Whether I was coming home late at night from doctoral studies or going out for my first leadership position, they were always cheering loudly. I remember them saying,  "Go for it, Mommy!" One night on our commute back home when they were younger, I started apologizing to my girls for not being able to be a better mother. They cut me off with a fierce loyalty I will never forget, "You have to be who you are meant to be! You have to go for it because that is who you are! You make me believe I can do anything because my mom has proven it over and over again!" Today, I can proudly say those three young ladies who grew up with me, are all in college doing their thing at some of the best universities this country has to offer. They are indeed going for it, and it is fulfilling to know that I have set one gritty example for them as a woman. 

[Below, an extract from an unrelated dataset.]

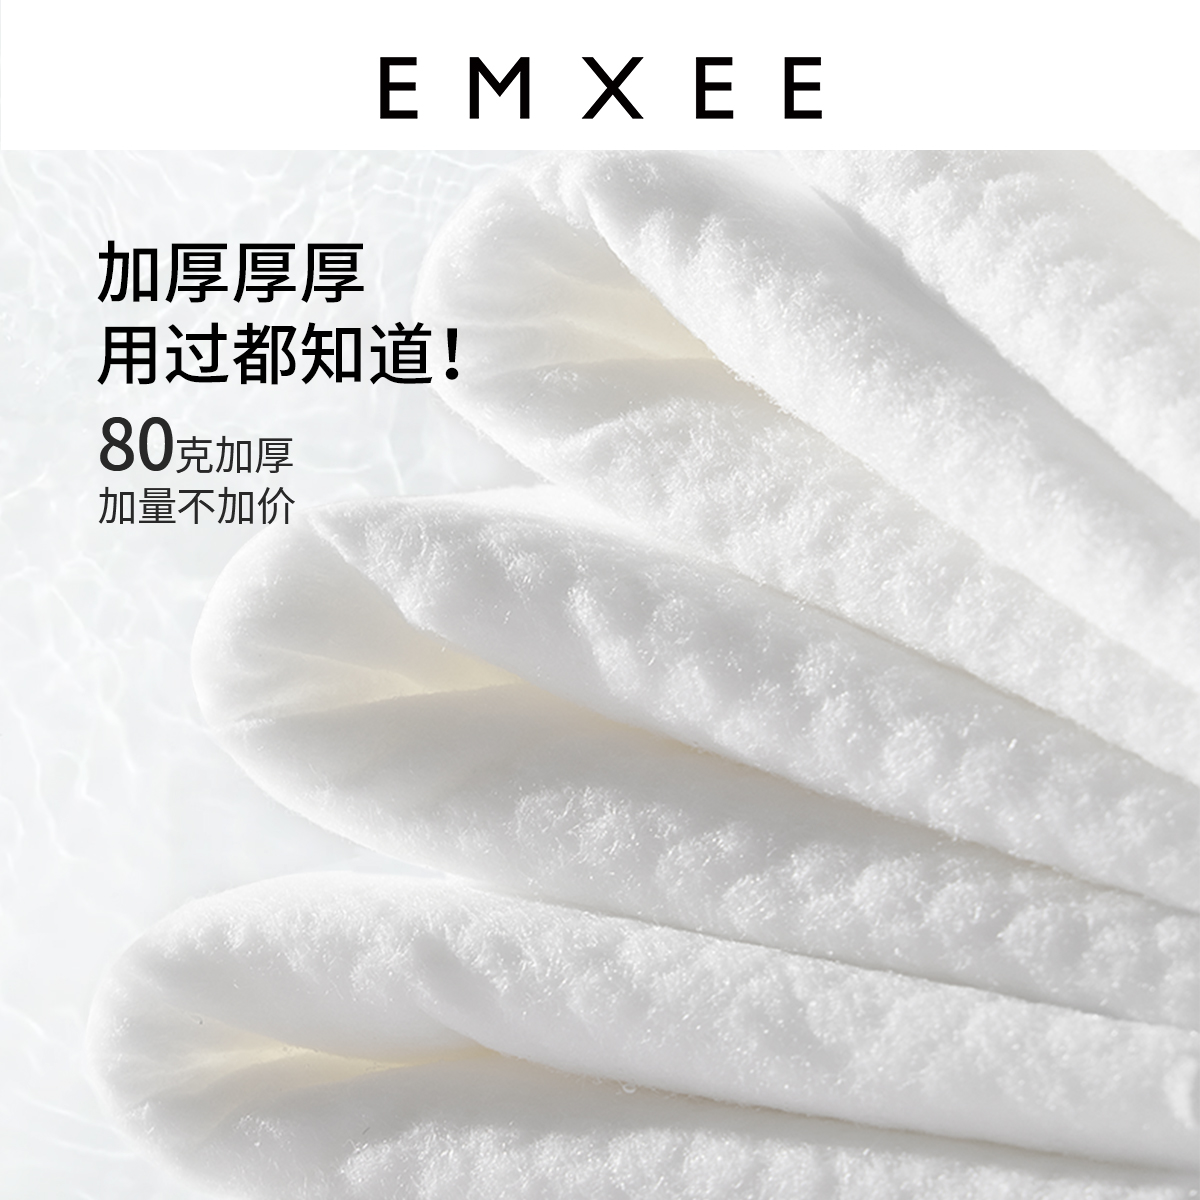 嫚熙绿贝壳湿巾纸手口专用*湿纸巾 EMXEE嫚熙湿巾

So to you Miss Cardi B and to all of you mothers out there hustling to get all of your important jobs done, give yourself permission to keep it real with your children. Keeping it real is what people end up having respect for. You are creating their best life with them. In my family, we love and laugh hard. We are a team, and it is a critical part of our resilience and success. We always have been, and we always will be. We our doing life together. It is a process that won't be over until God calls us home.

We laugh. We hurt. We cry. We comfort. We triumph. We mourn. We get up again and again, growing and growing and growing. It is life, and I take great pleasure in reminding them that it is their job to outdo me when they become parents. They get to fix whatever they didn't like, so I remind them not to bother complaining. They should write it down so they will have notes to keep them on their toes in the future!